Sarkars Ascetic Order
Given Sarkars deconstruction of the traditional context of samnyasa, it
might seem surprising that he himself created a new ascetic order. He did not however wish
that the order give rise to parasitic vipras, Brahmans living off others and using
their mental agility to maintain a hegemonic position. Rather, he imagined the renunciate
ascetic becoming the sadvipra--the leader with a pure and balanced mind:
courageous, service minded, entrepreneurial and intellectually / intuitionally brilliant.
The samnyasin becomes responsible not only for his or her own liberation, and like
the bodhisattva, that of others, but for the comprehensive progress of human
society, interpreted as carrying forward the totality of Sarkars civilizational
project.
Nonetheless, Sarkars ascetic order is certainly of India, even while a number of
characteristics have little internal precedent and appear to be drawn from other
frameworks. The fundamental goal of attaining the atman remains, as do a large
portion of the characteristic Indian ascetic practices--meditation, fasting and dietary
restrictions, celibacy, limits on ownership and possessions, renunciation of family ties
and employment; what is changed is the level of social engagement. Service projects--like
orphanages, medical clinics, disaster relief, food assistance programs and rural
development; educational facilities (mostly primary schools) and literacy training;
cultural projects; and of course, missionary activity (primarily the teaching of
meditation)--are the occupations of the renunciate yogi. In many respects this is
suggestive of the Christian model, especially what might be considered the bhakti-motivated
social service of Mother Teresa, whose locus, Calcutta, coincided with that of Sarkar.

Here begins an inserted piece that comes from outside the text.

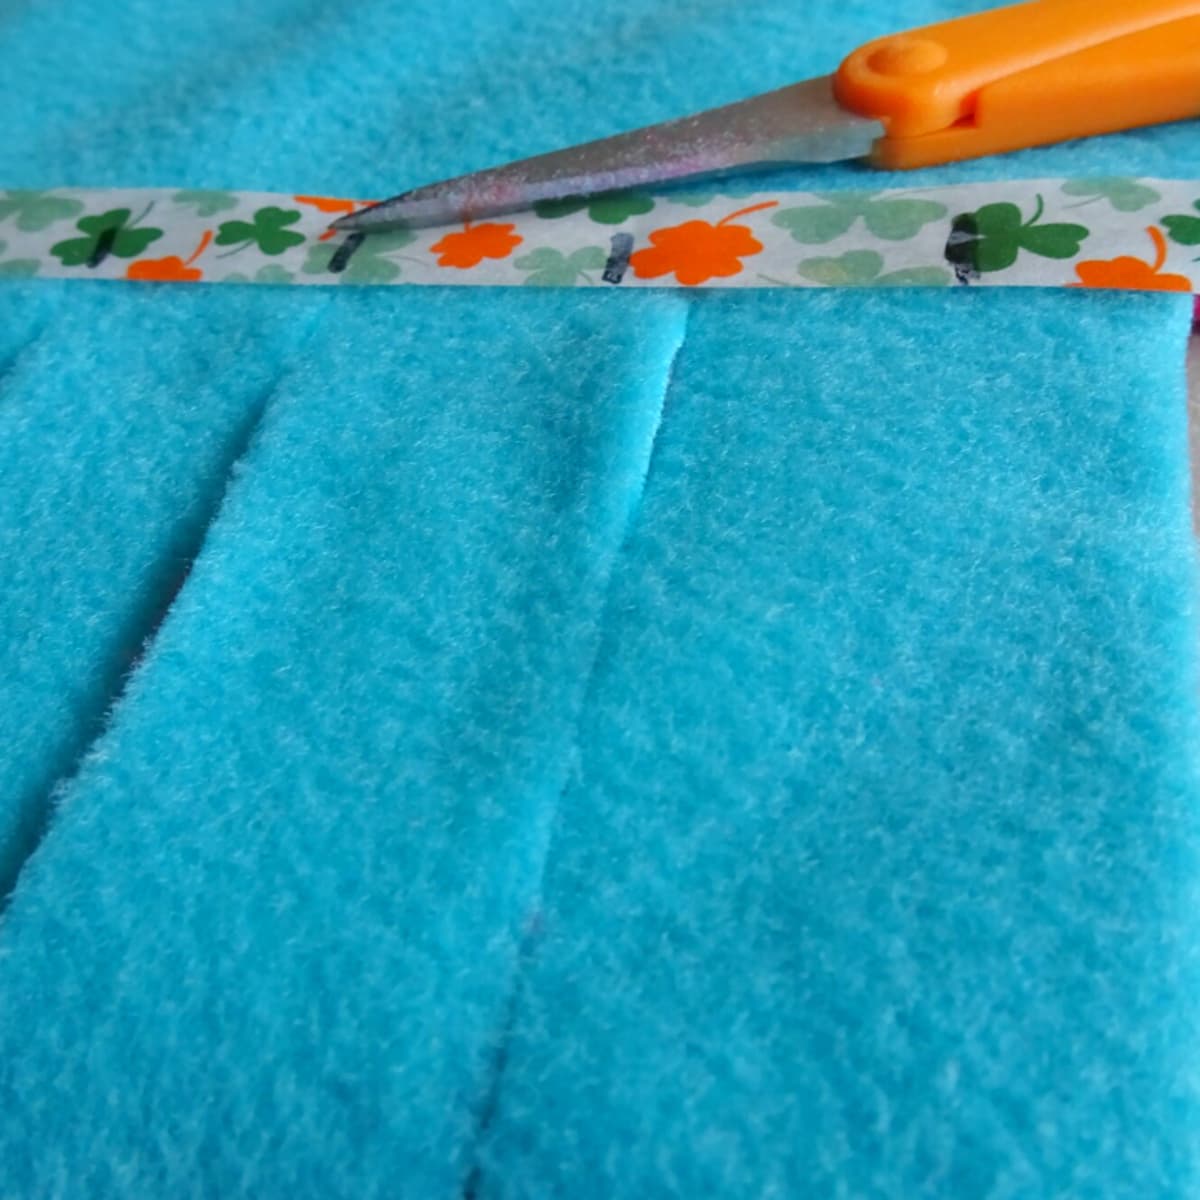 How to Make an Easy No-Sew Tie Fleece Blanket - FeltMagnet
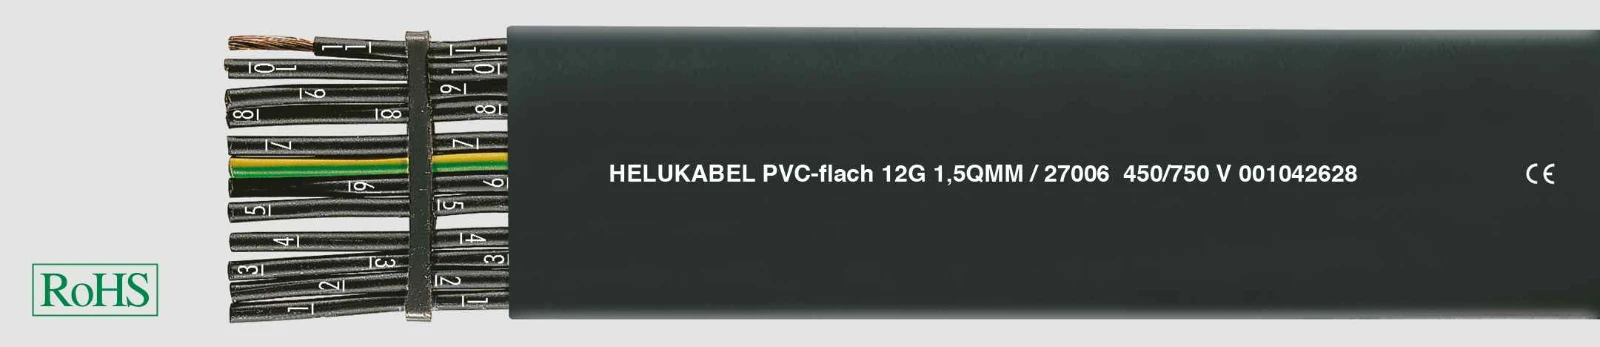 Helukabel Voedingskabel < 1 kV, voor beweegbare toepassingen PVC-flat (H05 VVH6-F/H07 VVH6-F)

However the uniqueness is also quite notable in that these activities must be seen as part
of a larger civilizational project, a project which seeks not only to provide for the poor
but to address the underlying causes of poverty and stem the cultural degradation
associated with global capitalism. The comprehensiveness of Sarkars project is quite
unique, stretching from sustainable economic development and the formation of cooperatives
to the liberation of the self. Like Aurobindo, it is synthetic; however, unlike earlier
attempts to transform Hinduism, such as the Brahma Samaj, it seeks to transcend the
cultural boundaries which have given it birth.
While many of Sarkars ascetics have roles which resemble those of monastic or
traditional itinerant missionary ascetics, the lives of others more closely resemble those
of peace corps or red cross volunteers. Yet others, according to the circumstances of
their work live the lives of school teachers, parents/wardens, doctors, musicians,
activists or scholars. And the lives of some, particularly those with global or
continental supervisory roles, perhaps better reflect the lifestyle of the corporate
sector. Sarkars laptop carrying, flying ascetics are not the exactly wooden sandal
clod staff-bearers of Indias past. However, the ascetic practices are constant
regardless of what capacity the samnyasin is acting in. Whether in an office in
Calcutta or New York, travelling from village to village in India teaching meditation,
conducting disaster relief in Somalia or being a warden to abandoned children in Mongolia,
the primacy of sadhana and the ascetic lifestyle is maintained.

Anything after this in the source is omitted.